**What is required:**
Render every line of the data exactly as written, and leave out the pictures.

**Recorded data:**
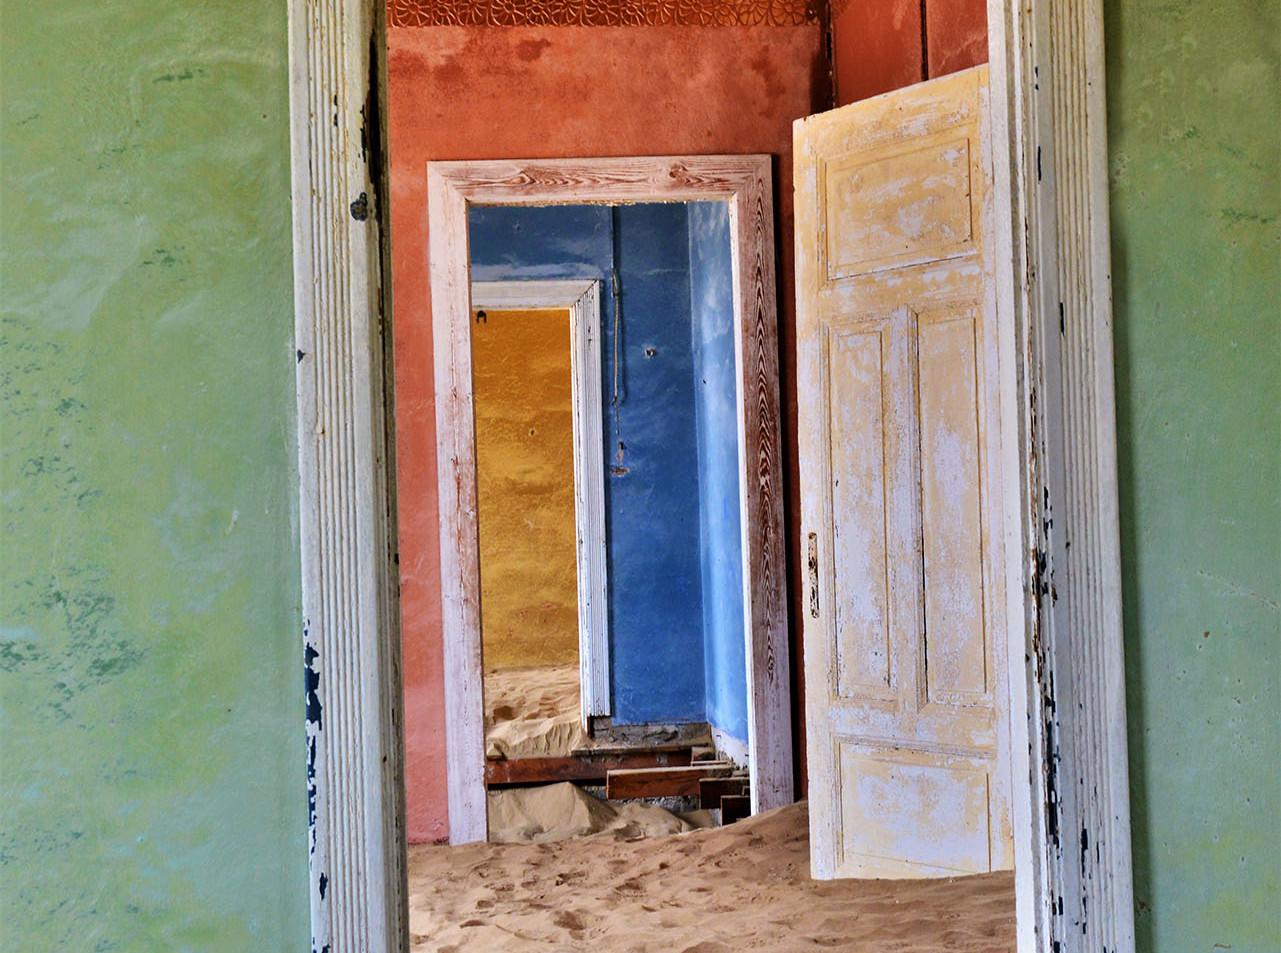 Kolmmanskop, Namibia
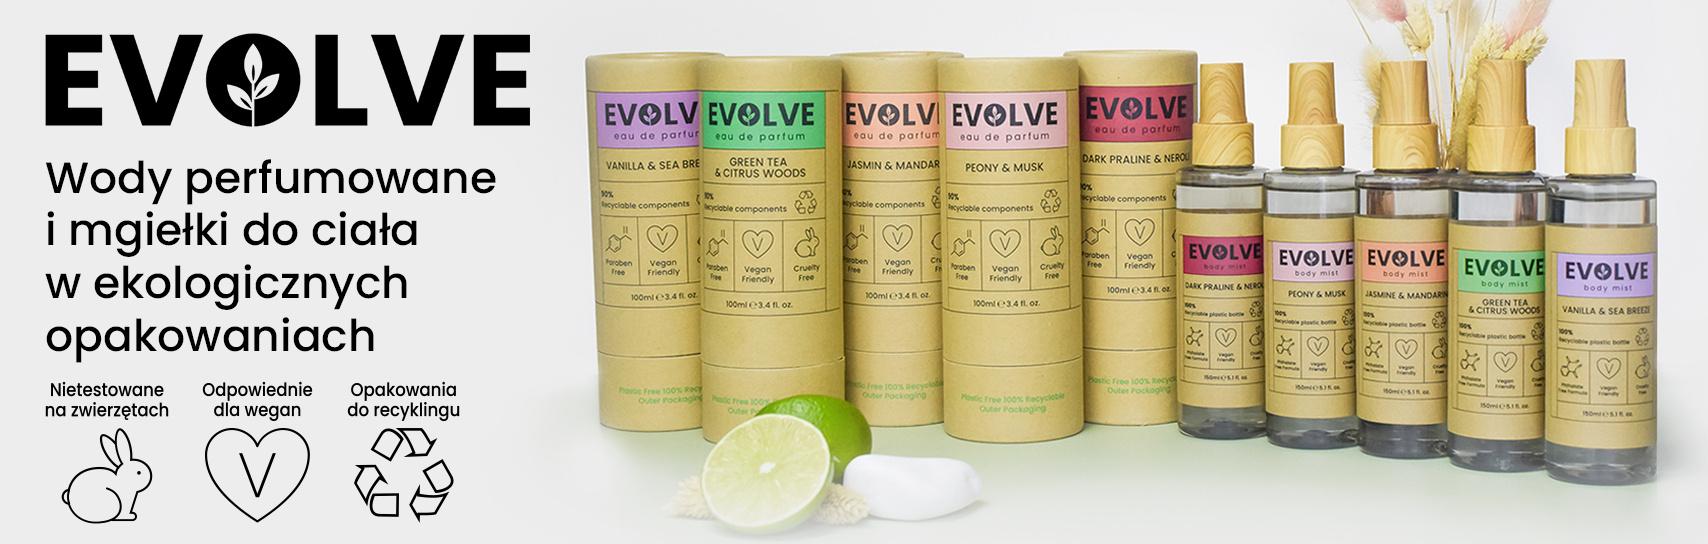 [Evolve - wody perfumowane - produkty]
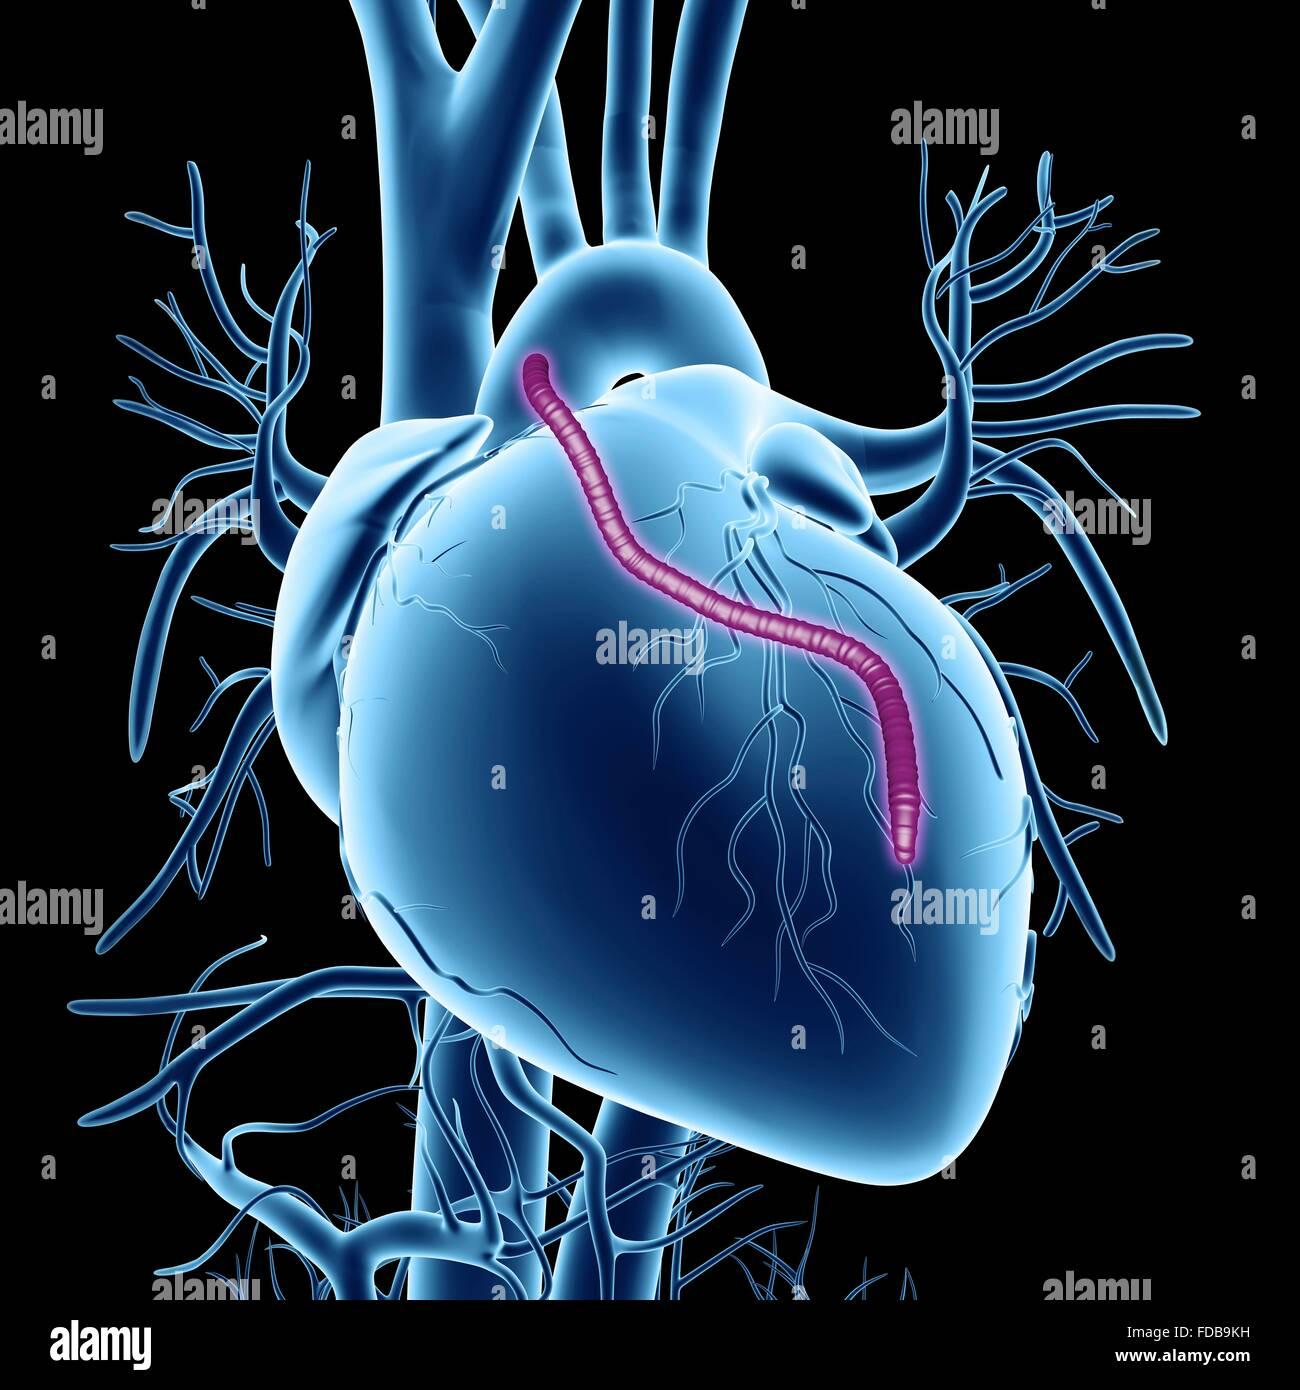 Coronary Artery Bypass Graft Stockfotos & Coronary Artery Bypass ...

**Output below:**
 Kolmmanskop, Namibia
 [Evolve - wody perfumowane - produkty]
 Coronary Artery Bypass Graft Stockfotos & Coronary Artery Bypass ...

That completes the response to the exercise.